Another way to ensure your customers pay attention to your email is to set up an automated reminder. If your customers haven’t opened the initial invitation, send a follow-up email. 

Generally, your first email would pitch the webinar and share the time when it will be held. In the next five days you may check with your subscribers again, reminding them that the webinar will take place in a few days. This is a good opportunity to change the wording and try to convert those who have not yet confirmed their participation.

It is always a good idea to send an email on the day of the webinar. You will remind those who confirmed that it is starting and try to convert additional “late comers”.

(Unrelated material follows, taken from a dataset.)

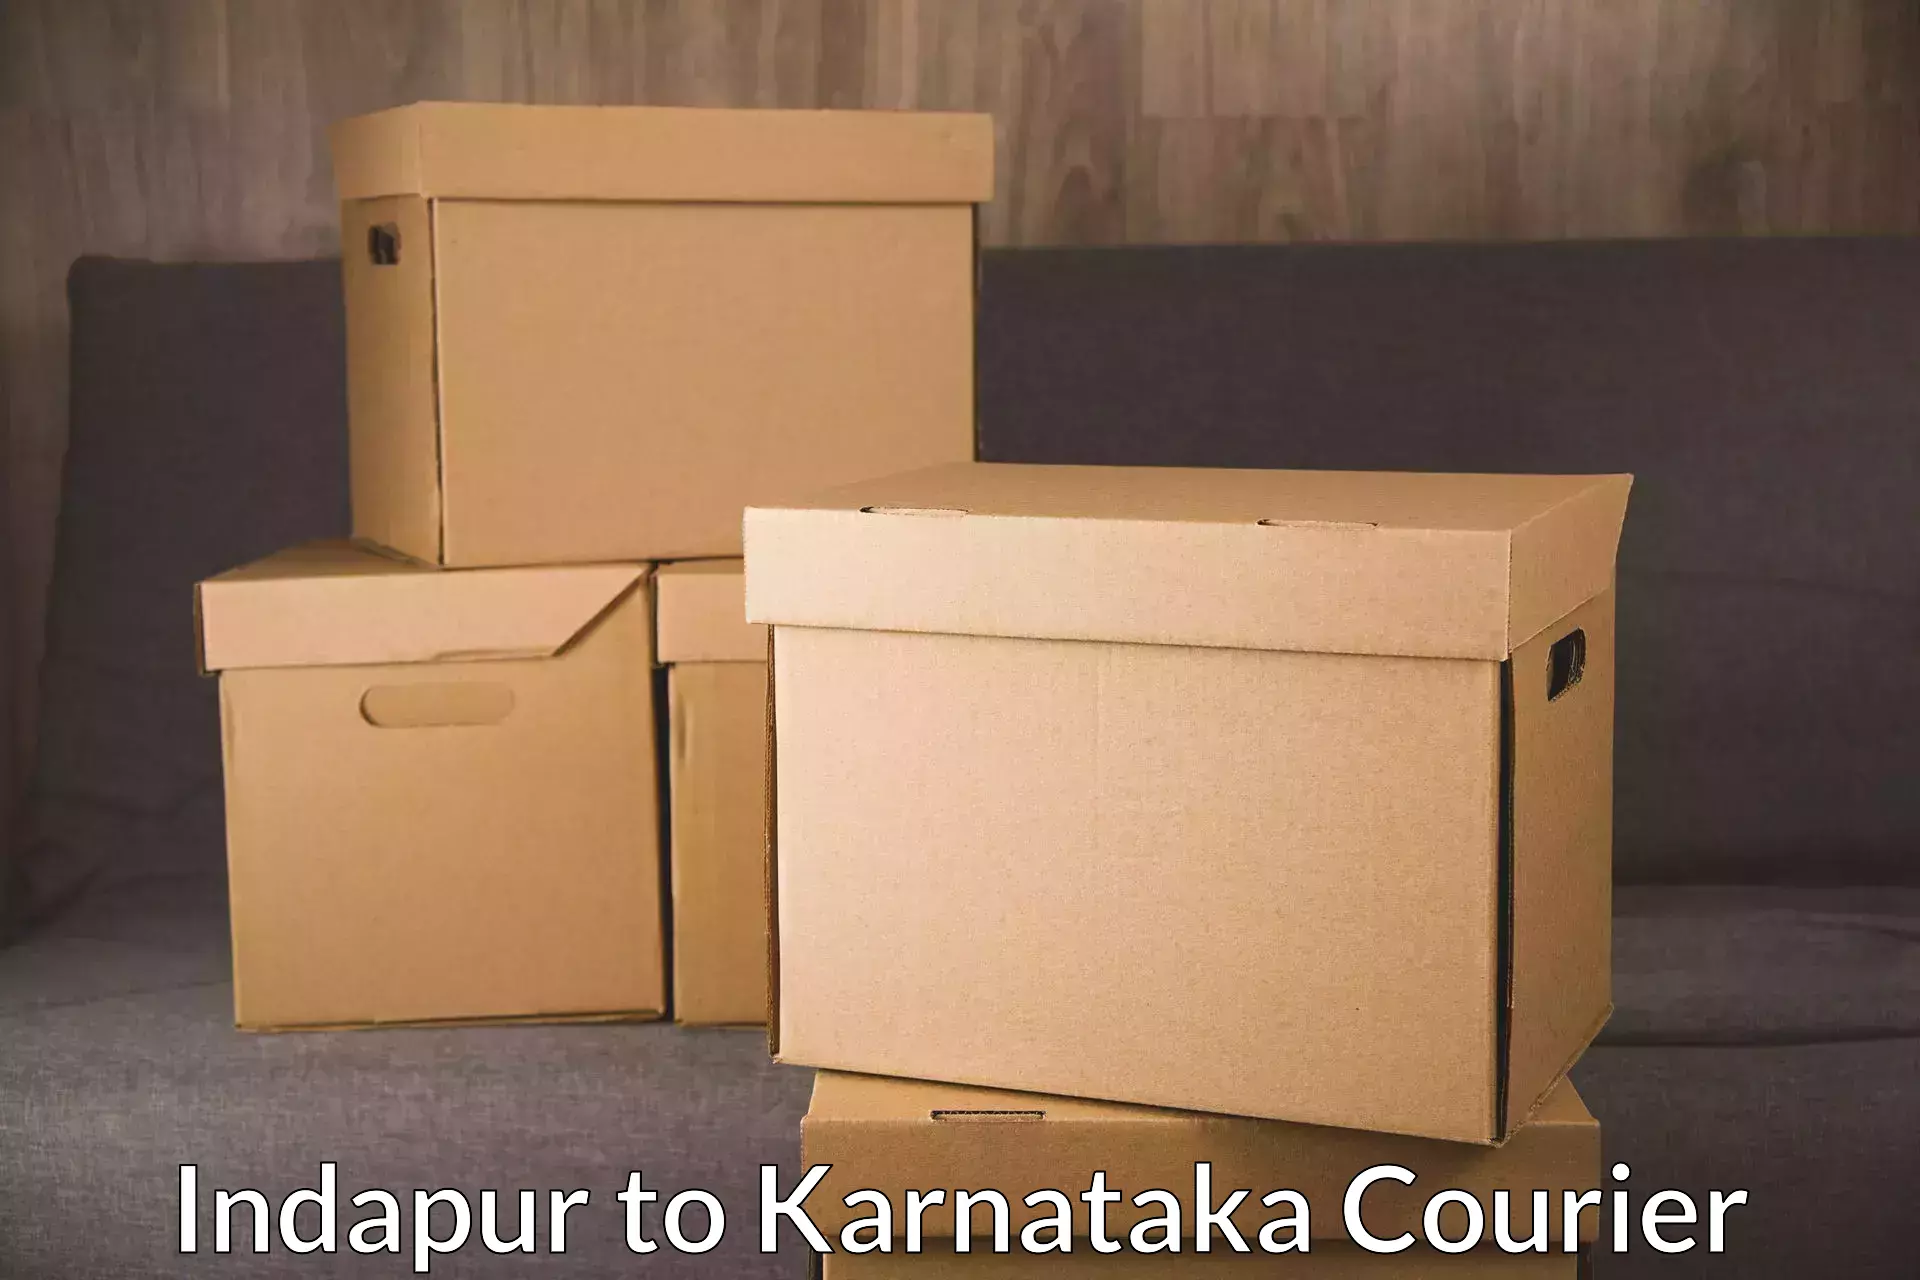 24-hour courier services Indapur to Manipal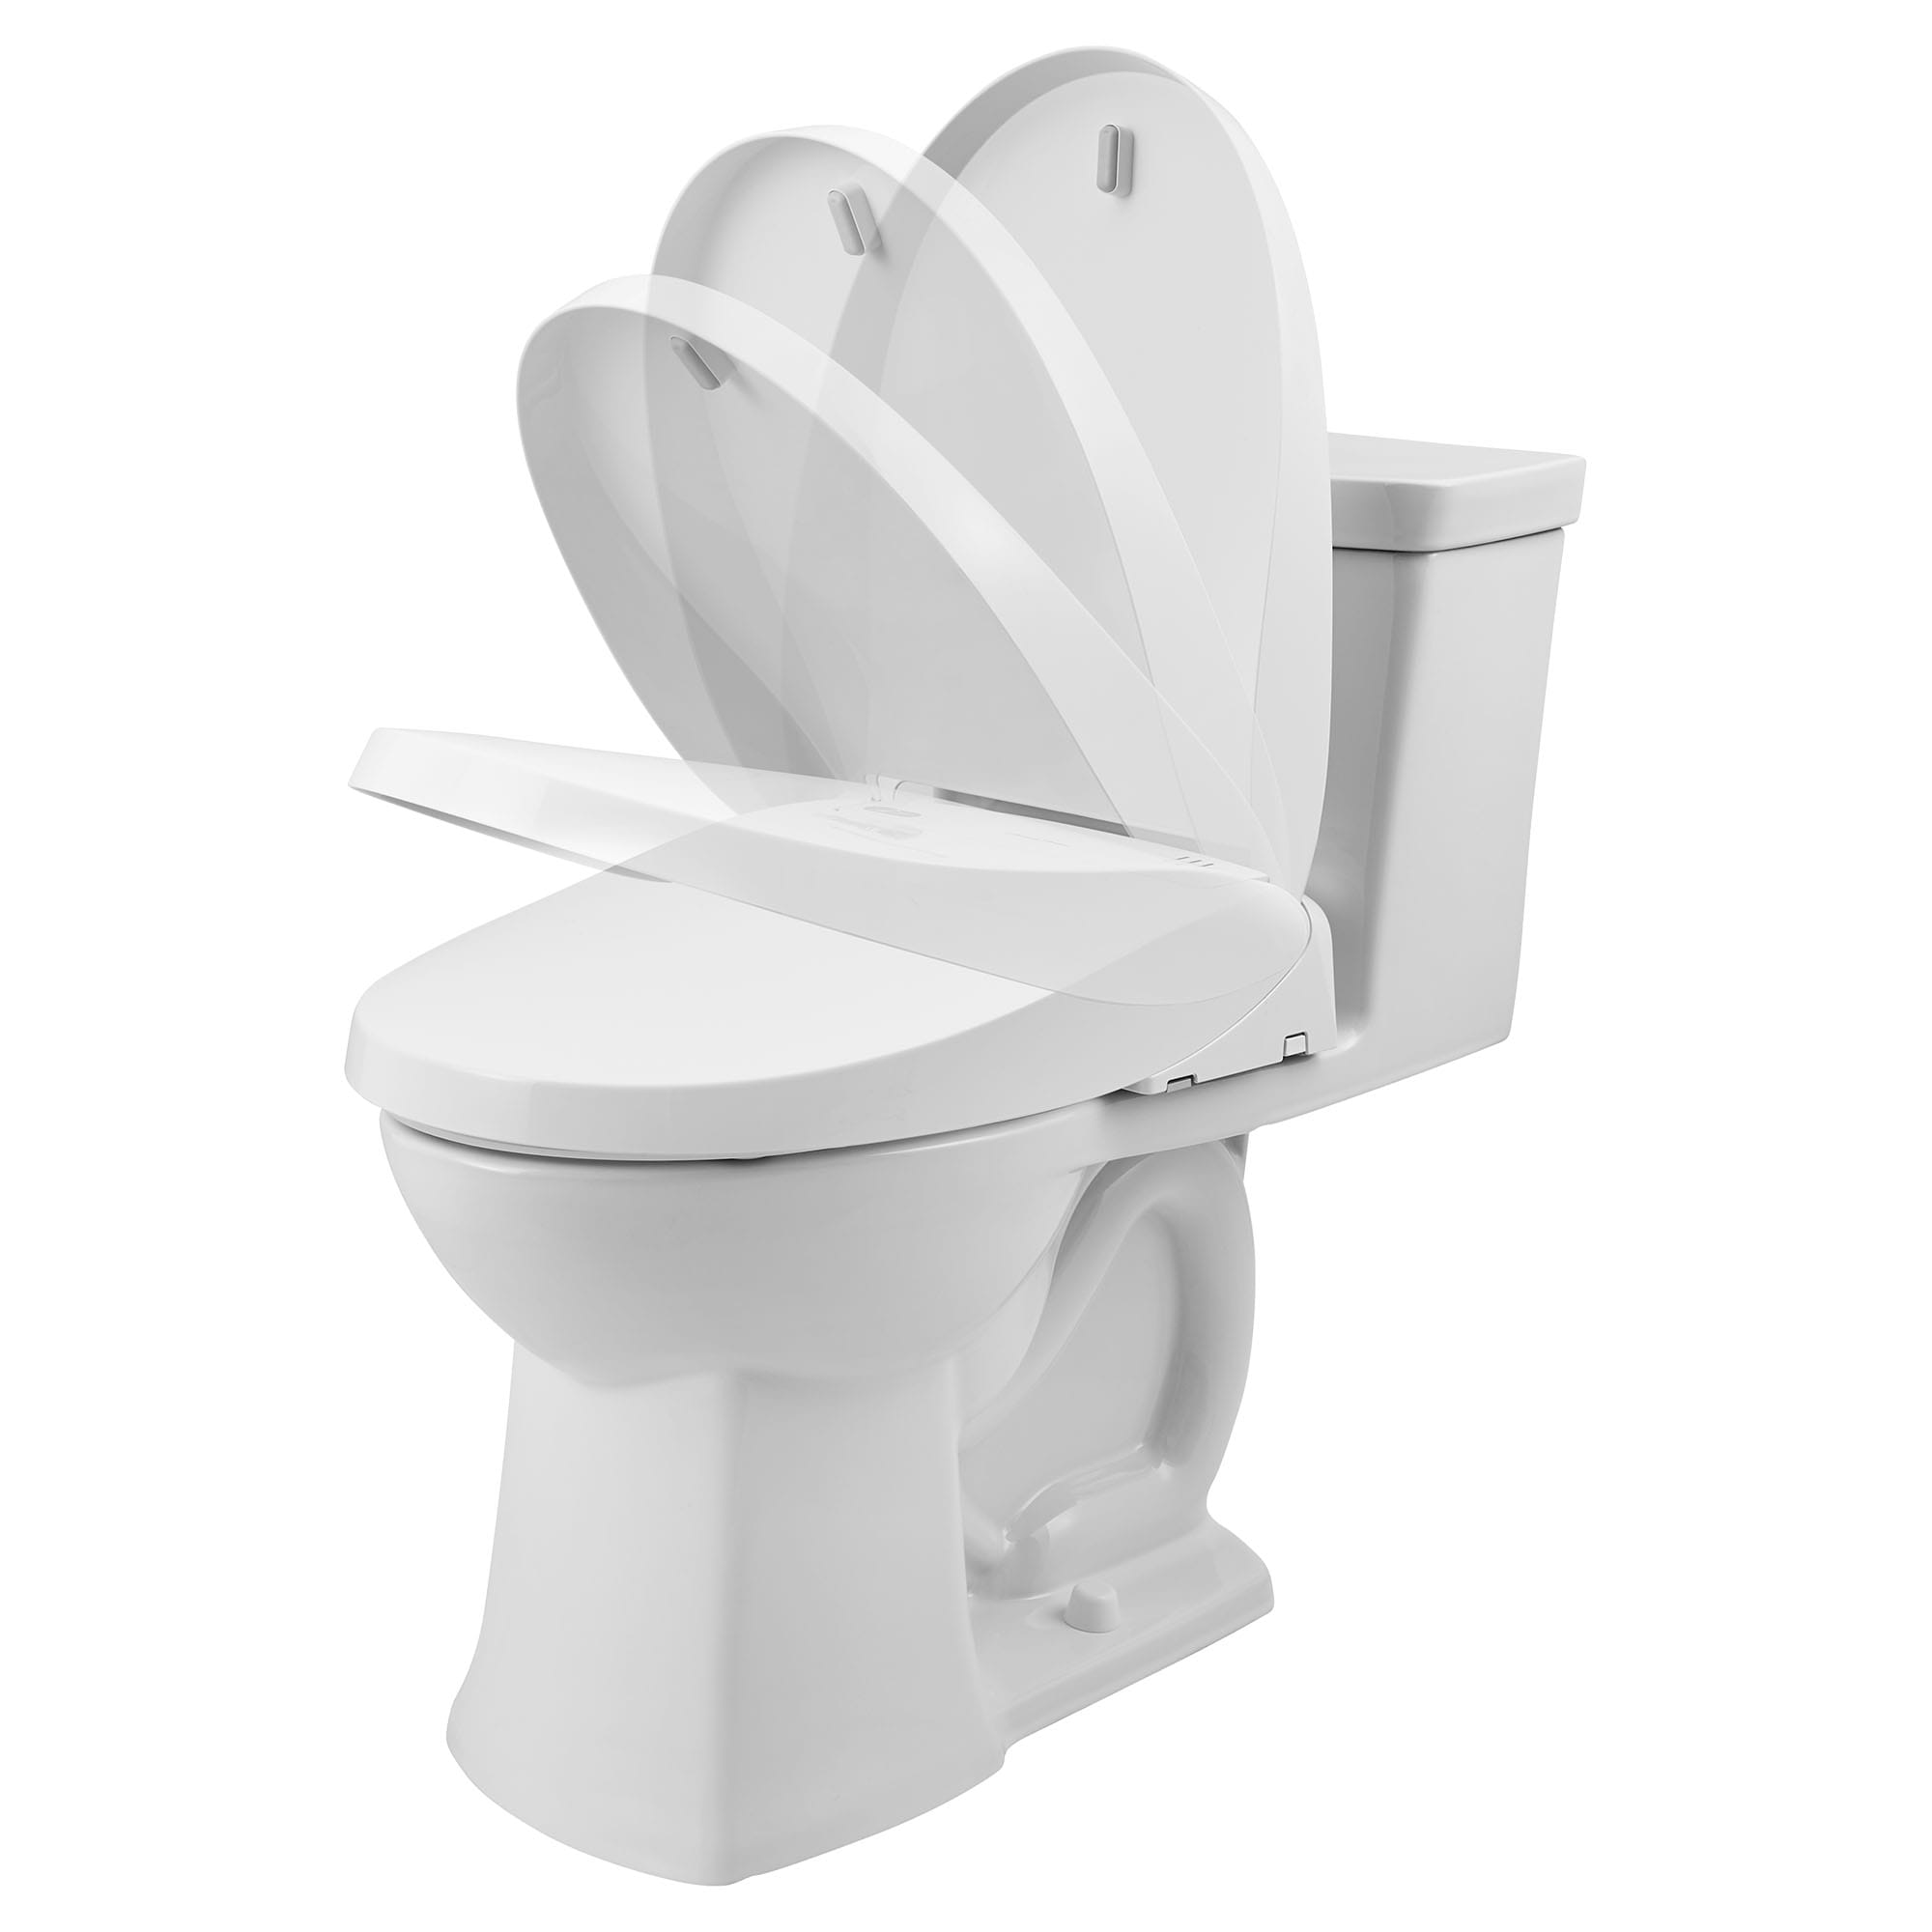 Townsend VorMax One Piece 128 gpf 48 Lpf Chair Height Elongated Toilet with Seat WHITE

In some circumstances you can schedule an additional email an hour later (or just a couple of hours before the webinar). This email should be sent only to those who did not confirm their participation, again, with the goal of getting them to attend.

Make sure you’re not too spammy. This usually works with people who confirmed following a “save the date” but did not make a final confirmation. Or a smaller group, where you know they’re likely to be interested in what you have to say.   

Below is an example of an automated series of webinar invite reminders. The wording has been adapted in the second email, which avoids them appearing to be duplicates and looking unprofessional. Additionally, there may be customers who weren’t intrigued by the wording in one email. A second email may be all it takes to win them over.



2. Have an appealing hero image

Your webinar invite’s hero or banner image is what captures the attention of your customer. Keep this in mind when choosing an email template

One of the most important rules of a good banner is to add a call to action. If your target audience doesn’t want to spend time reading your email, they’ll likely look at the banner. It will help your recipients understand the purpose of your invite with minimal reading.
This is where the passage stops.